⟨

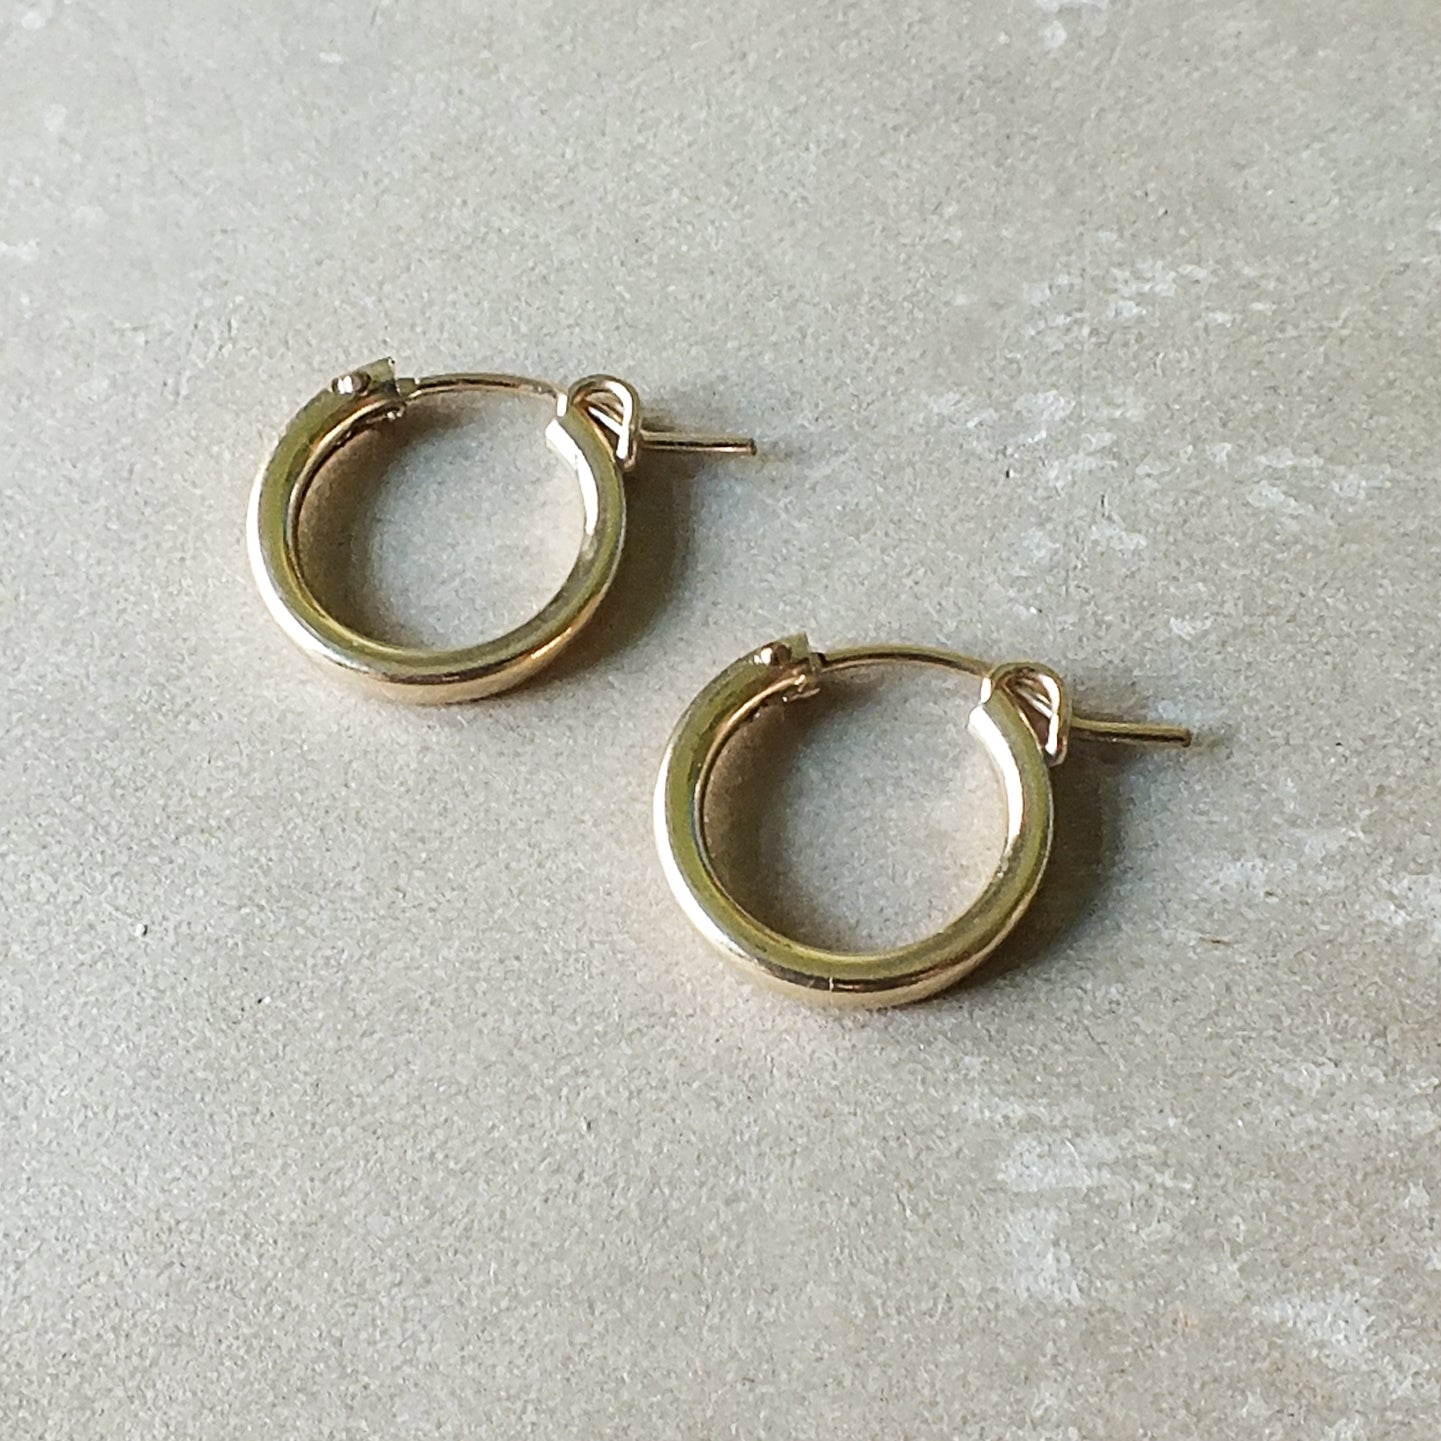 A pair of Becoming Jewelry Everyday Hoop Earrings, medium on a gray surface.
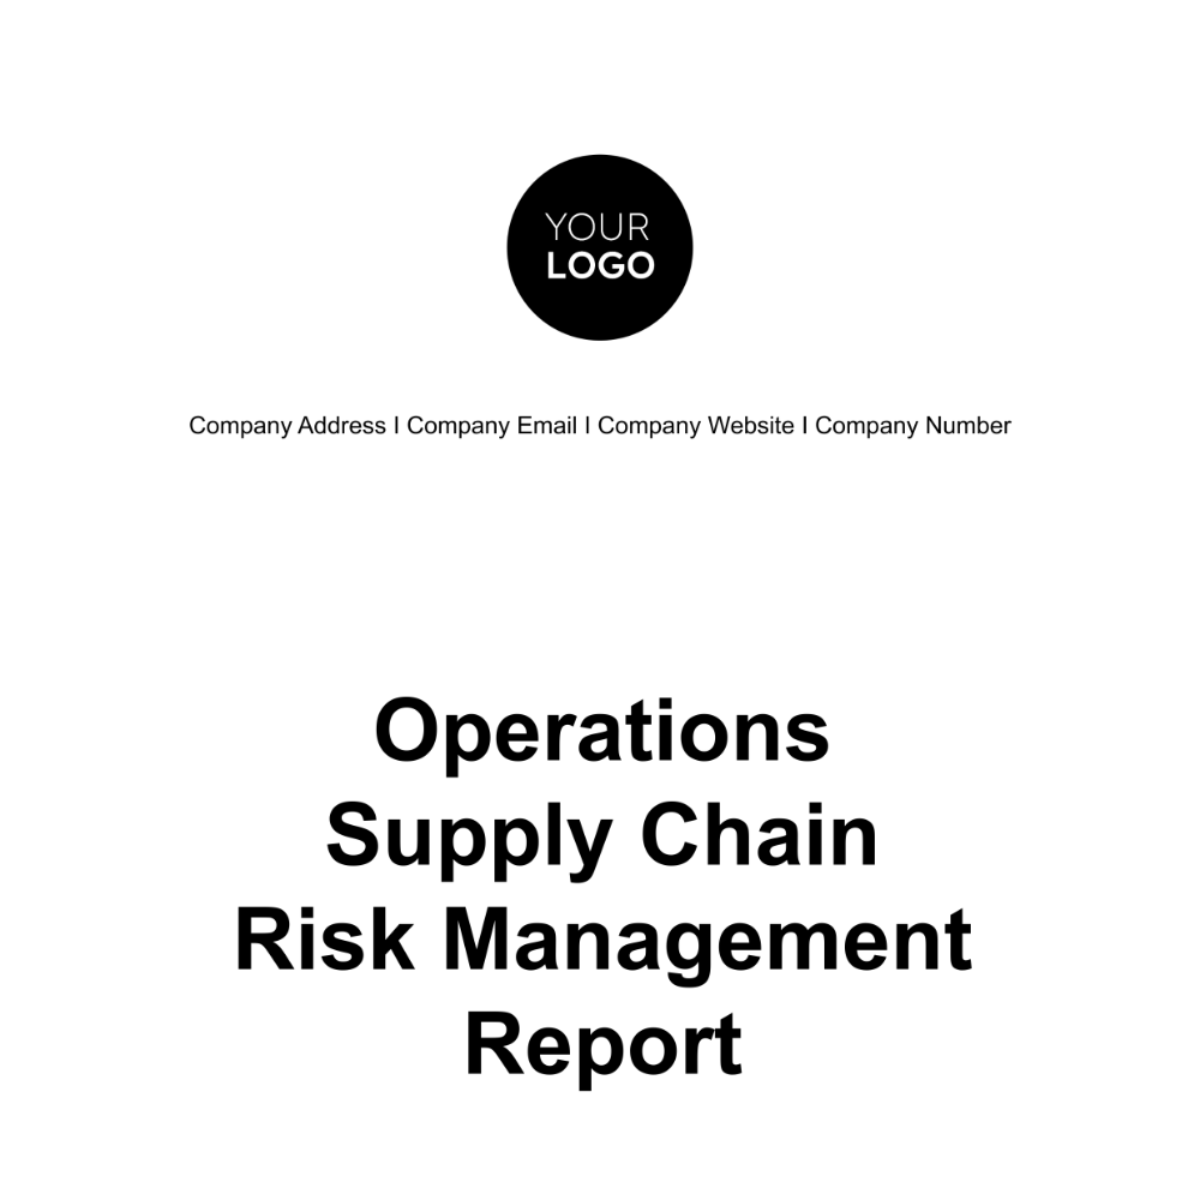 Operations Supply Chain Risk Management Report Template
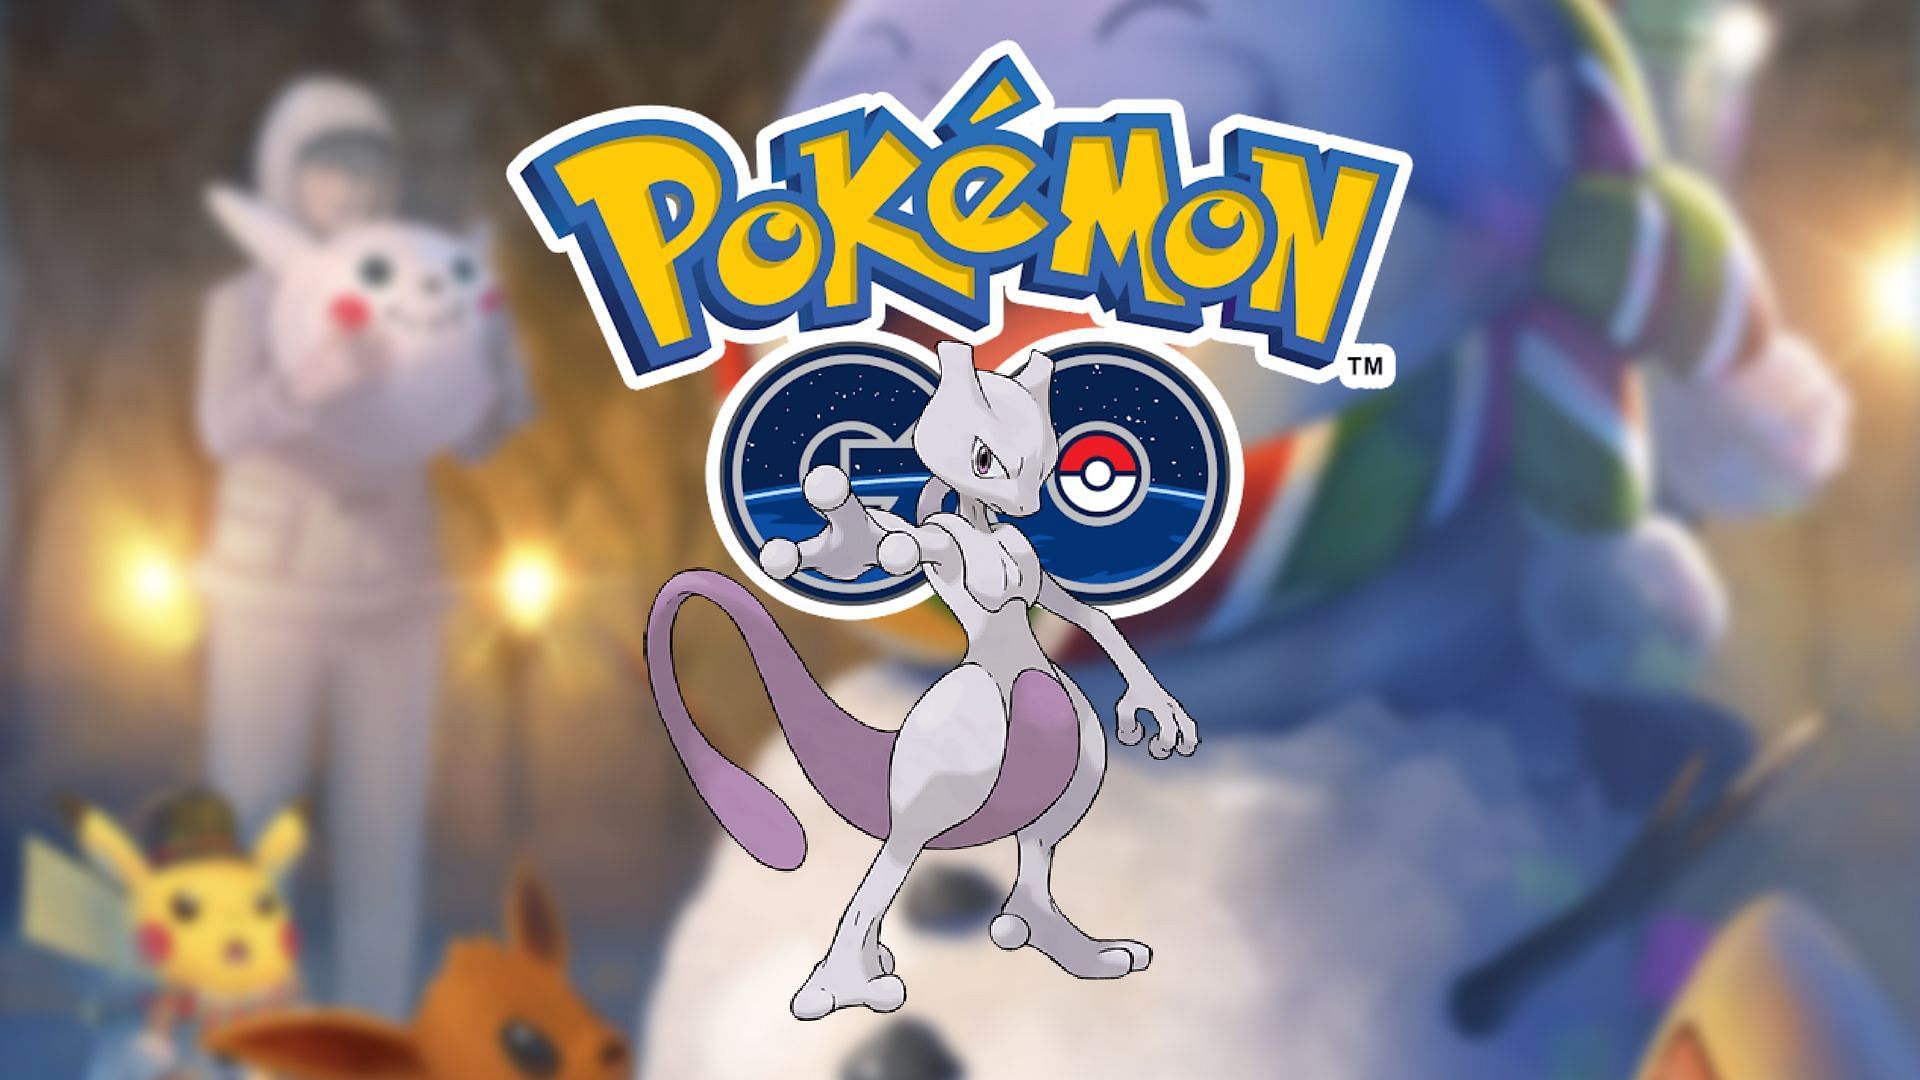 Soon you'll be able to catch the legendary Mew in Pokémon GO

⟩

→ TASK DETAILS: Your reply must match the data above line for line, except that it holds no pictures.

→ ANSWER TO THE EXERCISE:
 A pair of Becoming Jewelry Everyday Hoop Earrings, medium on a gray surface.
 Operations Supply Chain Risk Management Report Template
 Soon you'll be able to catch the legendary Mew in Pokémon GO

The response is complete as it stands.